Gross agrees that for Amlo and his political movement, “oil and gas are seen as part of Mexican patrimony”. This remains a popular viewpoint: the day that Mexico nationalised its oil industry in 1938 remains a national holiday, she points out. 

A cynic could point out that Amlo is capitalising on legitimate post-colonial concerns with a strategy that does not actually benefit the Mexican economy and its people. 

“Mexico is now the 15th-largest economy in the world, but it was the tenth a few years ago; the country is stagnating while others are accelerating,” says Payan. “Mr Lopez Obrador is pursuing a statist approach where the government is the investor, regulator, legislator and producer. Only this is not the 1970s anymore. Mexico is entrenched in the global economy, and the [Mexican] economy has suffered as a result of economic policy that does not appreciate that.” 

WRI’s Ruiz adds that Mexico’s economy will continue to suffer if it does not embrace the “economic opportunity” of the energy transition – particularly if the US, which is a major trade partner, continues to introduce ever stricter regulation to incentivise decarbonisation

“Advancing a low-carbon, just transition could help Mexico mobilise new investment, improve competitiveness, enhance development and address social vulnerability. Green investments generally create more and higher-quality jobs,” she says.

Turning policy failure into policy success

Climate change is no longer a future scenario, but a reality that affects the daily life of millions in Mexico. June 2023 was the hottest month on record in the country, with heat-related deaths at mid-year triple the total figure for 2022. Droughts, fires and floods are increasingly a part of everyday life, says Ruiz. 

The problem for Mexico is that these environmental stimuli have not yet prompted a commensurate policy response. “In public policy, there is a big difference between awareness of a problem and actually acting to address it. Mexico has not bridged this gap yet,” says Payan. 

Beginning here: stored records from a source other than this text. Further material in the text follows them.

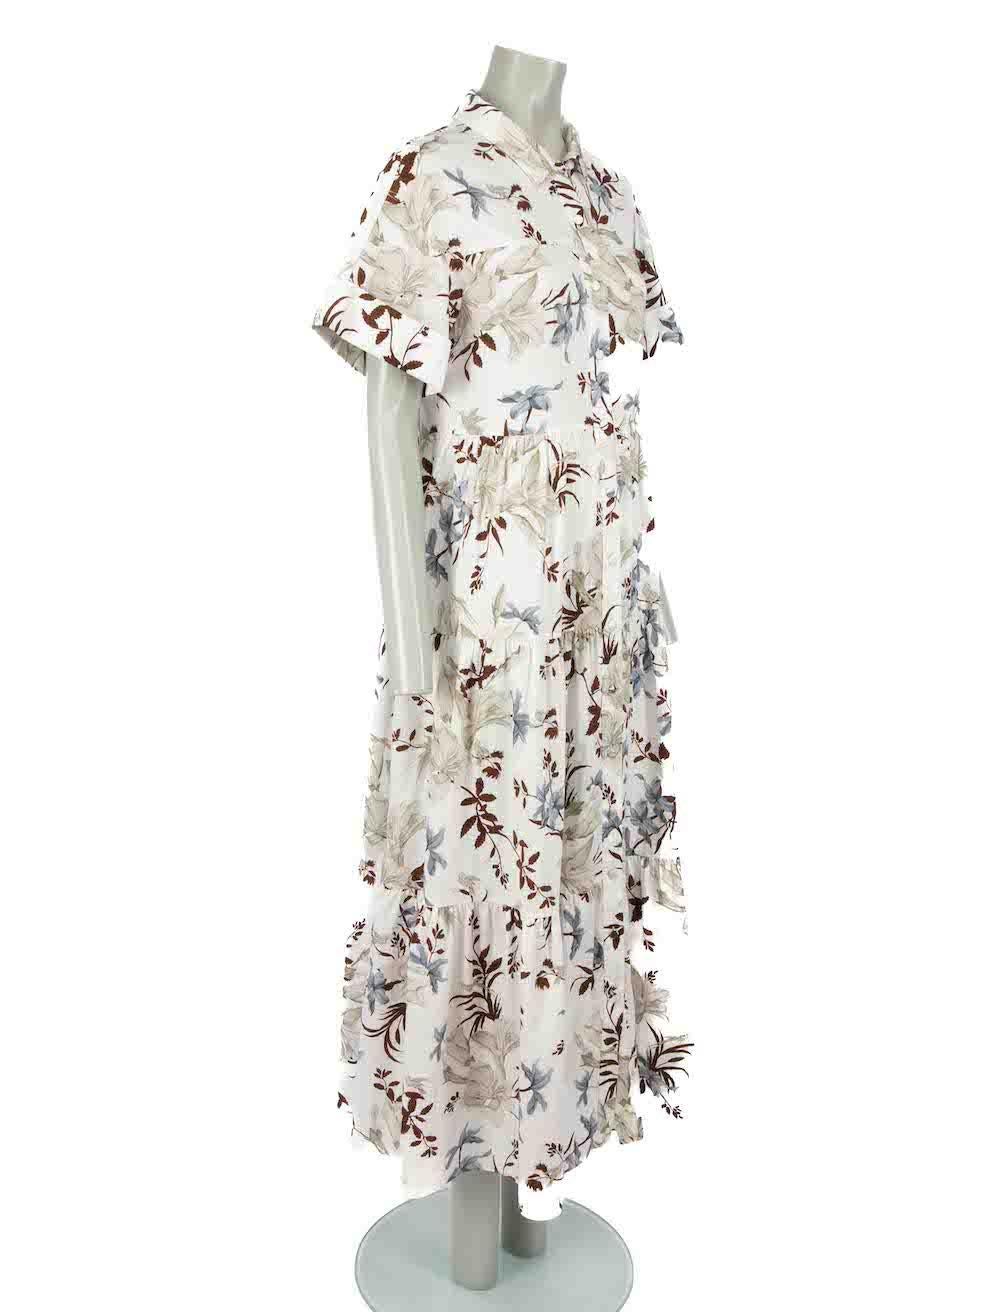 CONDITION is Good. Minor wear to dress is evident. Light wear to fabric surface through the skirt where a number of light discoloured marks are found on this used Erdem designer resale item.

Details
White
Cotton
Shirt dress
Floral pattern
Tiered

Yet hope for climate policy in Mexico lies in the fact that the country’s presidents can only serve one six-year term. Former Head of Government for Mexico City Claudia Sheinbaum is Amlo’s chosen successor, but while she and her fellow presidential contenders from the ruling coalition – which comprises three parties: MORENA (Amlo’s party), the Labor Party and the Green Party – are towing the president’s line on climate, it remains to be seen if they would follow through on such a strategy. “I think deep down they probably know that it is completely unsustainable for Mexico to continue as it has been,” says Payan. 

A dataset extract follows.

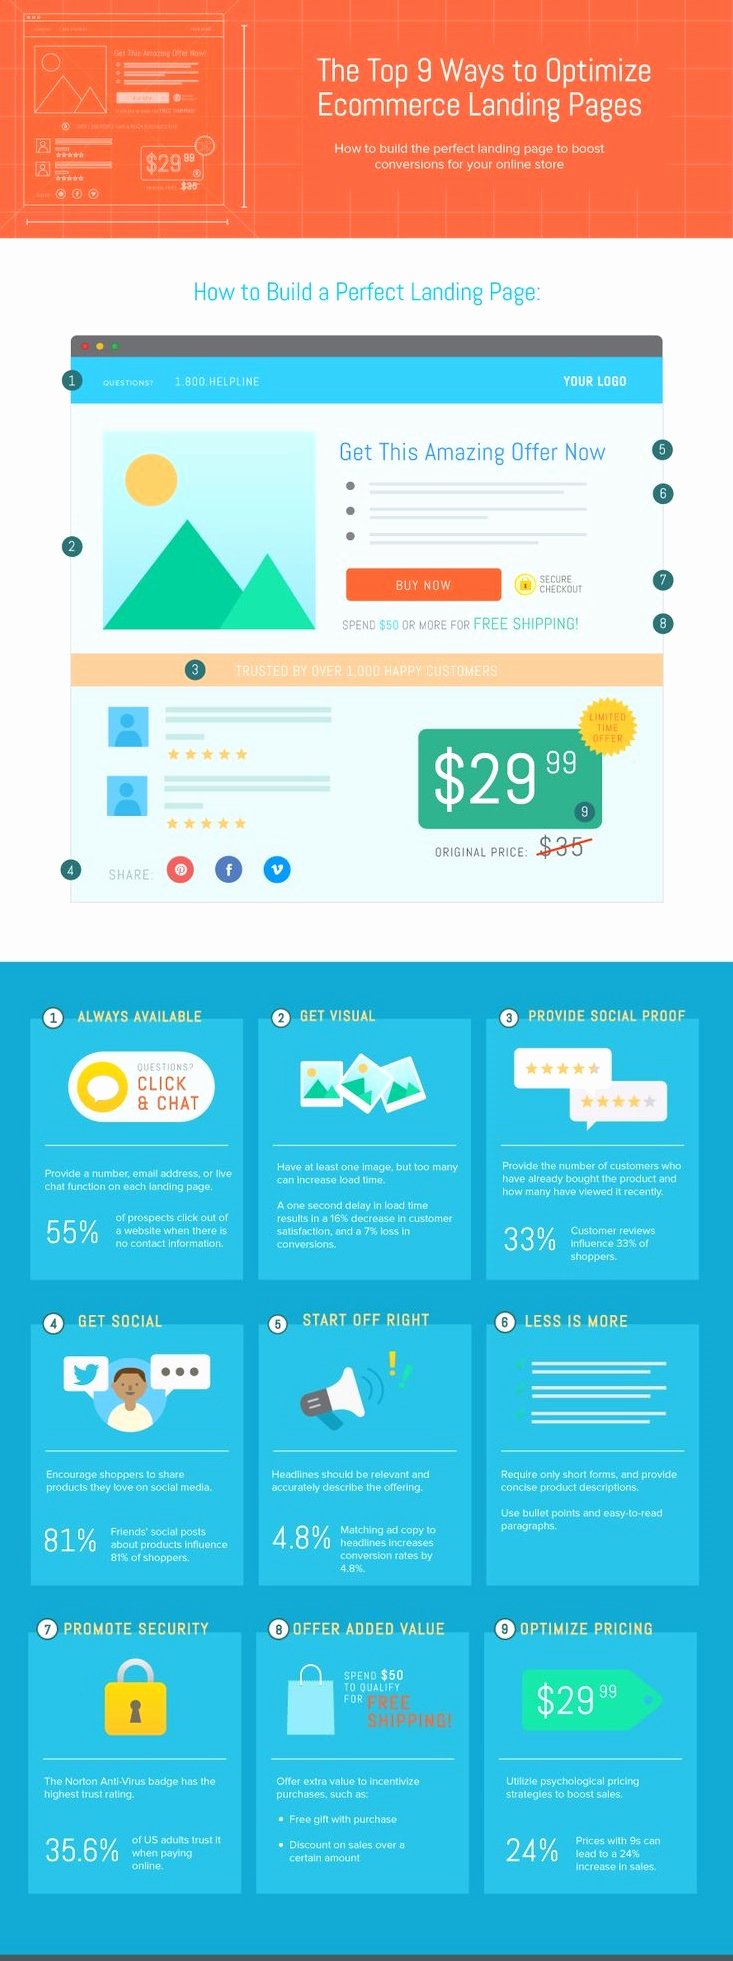 Ecommerce Marketing Plan Template Elegant E Merce Marketing Strategy Template for Small Businesses

The good news from a political communications point of view is that there is a logical step from the current discourse aligning national pride with Mexican oil to one aligned with Mexican renewables.

“What needs to be sold to the electorate is the idea that if we really want to be both sovereign and have cheap energy, then we need renewables, not oil and gas,” says CAT’s Jose de Villafranca. “The energy transition makes sense both economically and in terms of national pride, given our country’s massive renewables resource.”

“Arguments about saving the planet are probably not going to filter down to the electorate soon, given all the difficulties faced by ordinary Mexicans,” agrees Brookings’ Gross. “But when you say that renewables can help move away from uncompetitive, high electricity prices, while also developing Mexican resources for Mexican people, I think you have a strong political argument.”